This time of the year is hard for many people as the twin specters of family and financial stress loom. Not everyone is making the miracle work. But underneath all of that material duress is the actual spirit of Christmas, the opportunity to get over ourselves and our problems and connect with our family, friends and coworkers and even something larger than ourselves.
(try listening to this while reading)
My first Christmas memory was coming down the stairs in the middle of the night to the soft glow of the lights on the tree and seeing an abundance of gifts that appeared magically in the middle of the night. I had never experienced such wonder before. Santa had come. The myth was real.
Later that year my friend Victor would be run over and killed by a speeding teenager running the cross walk light. We'd been charged by his and my parents to walk to school together for our mutual safety. I got a detention that day for yapping in class and he walked home with another kid. My strongest memory from that was that I had been spared for some purpose.
My parents got divorced when I was eleven. The previous Christmas a few months earlier, I found out who Santa really was as I made the mistake of looking out the window of my bedroom to see my father bringing in the following morning's bounty.

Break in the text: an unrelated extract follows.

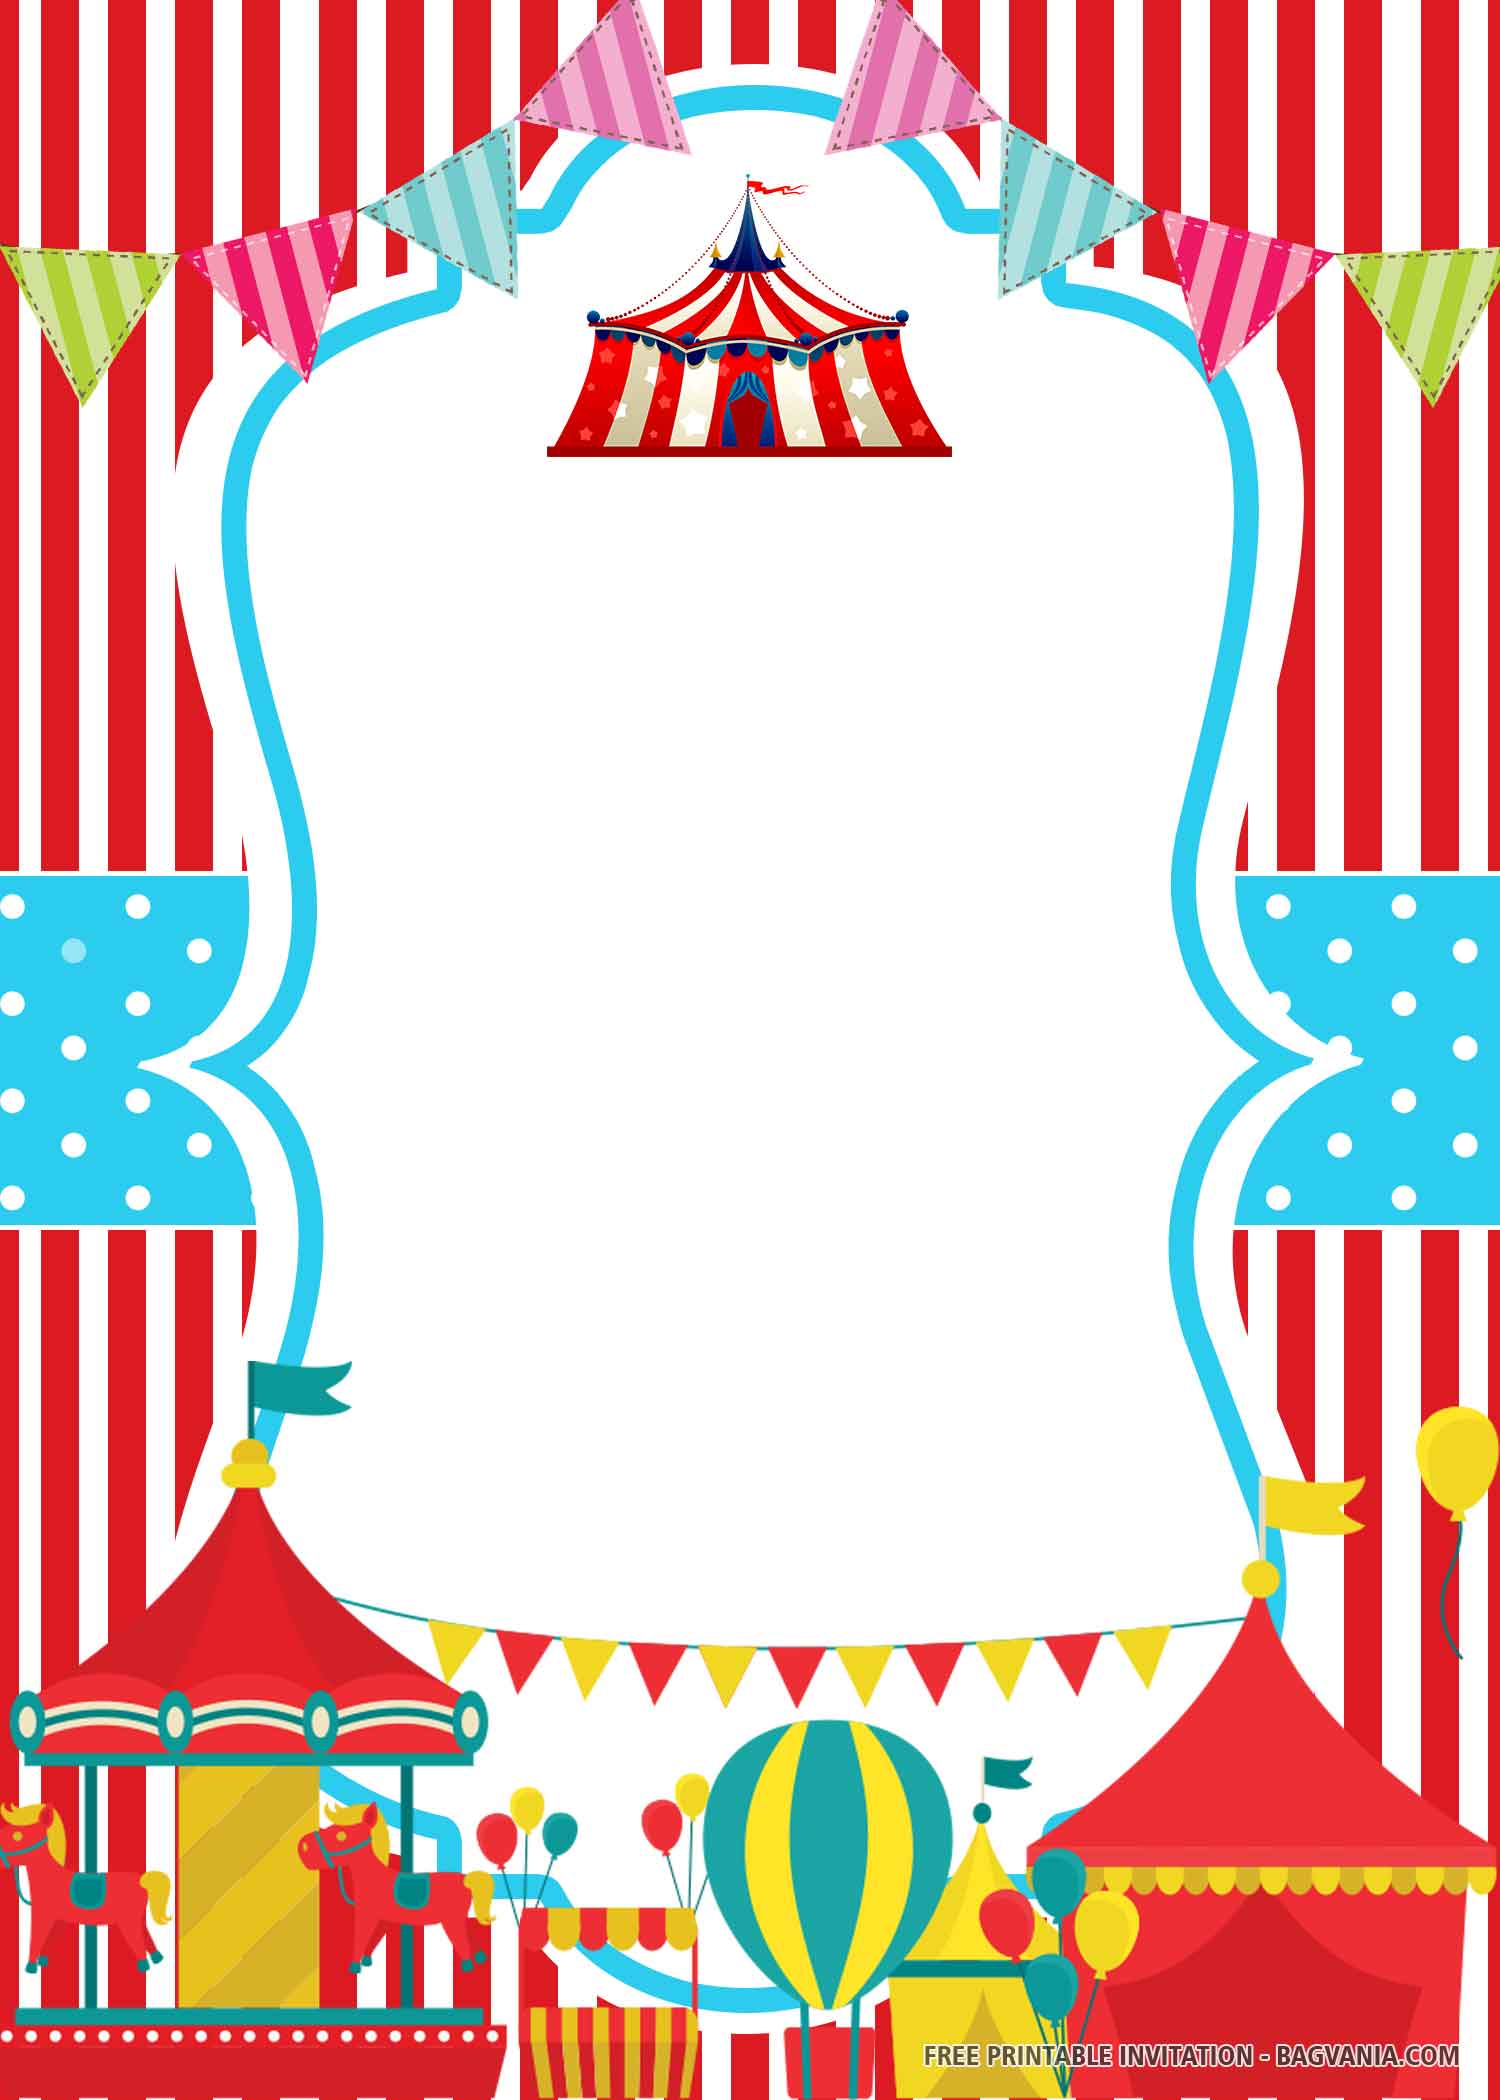  FREE PRINTABLE Stripes Circus Birthday Invitation Templates FREE 
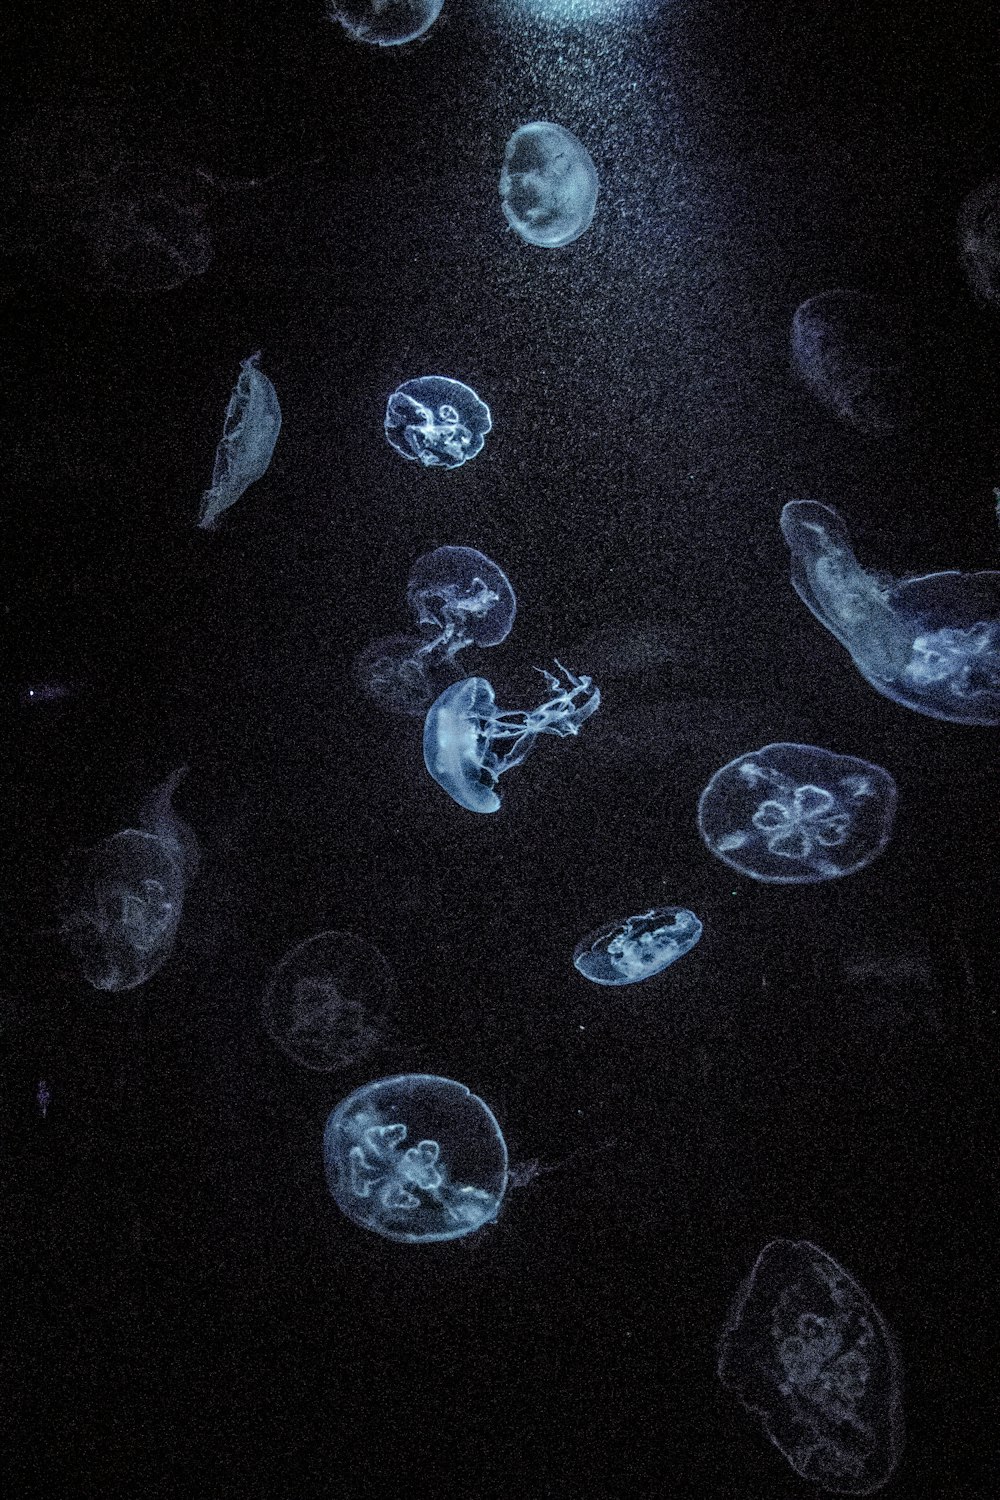 underwater photography of jellyfish

My little brother was mesmerized at the sight the next morning. Presents under the tree, cookie crumbs and orange peels everywhere, a glass of milk knocked over on the dining room table, reindeer shit all over the carpet (which was really elk droppings he had picked up in Banff and had been storing in the freezer all year) and the charred, burned-our skeletons of the previous nights fire kicked on to the floor as proof Santa really did come down the chimney. It turns out my father, who never had a father and never really had Christmas really put his back into ours. Santa never came to my house again.
This year we did our office Christmas party a little bit differently. A great many interesting folks gathered in the home of our Host. We mingled, imbibed and noshed, and then went in large buses to see the Tenors perform their Christmas concert. Afterwards we came back to our Host's home, Tenors in tow for cookies and community singing. I had a great chance to connect with the three singers I had coached years before on their journey to their first Juno. I left with a feeling of peace I had not really had at this time of years since I was a young boy–before the death of friends, the death of families and the death of innocence.
There is so much to live for. The challenges of a scary world can wait for the New Year. They and the great opportunities they represent will be there for us to face soon enough. Knowing that we can be facing them together gives us all the little bit of hope we need. Maybe that's the purpose of these next few days.
All the best from my family to your family.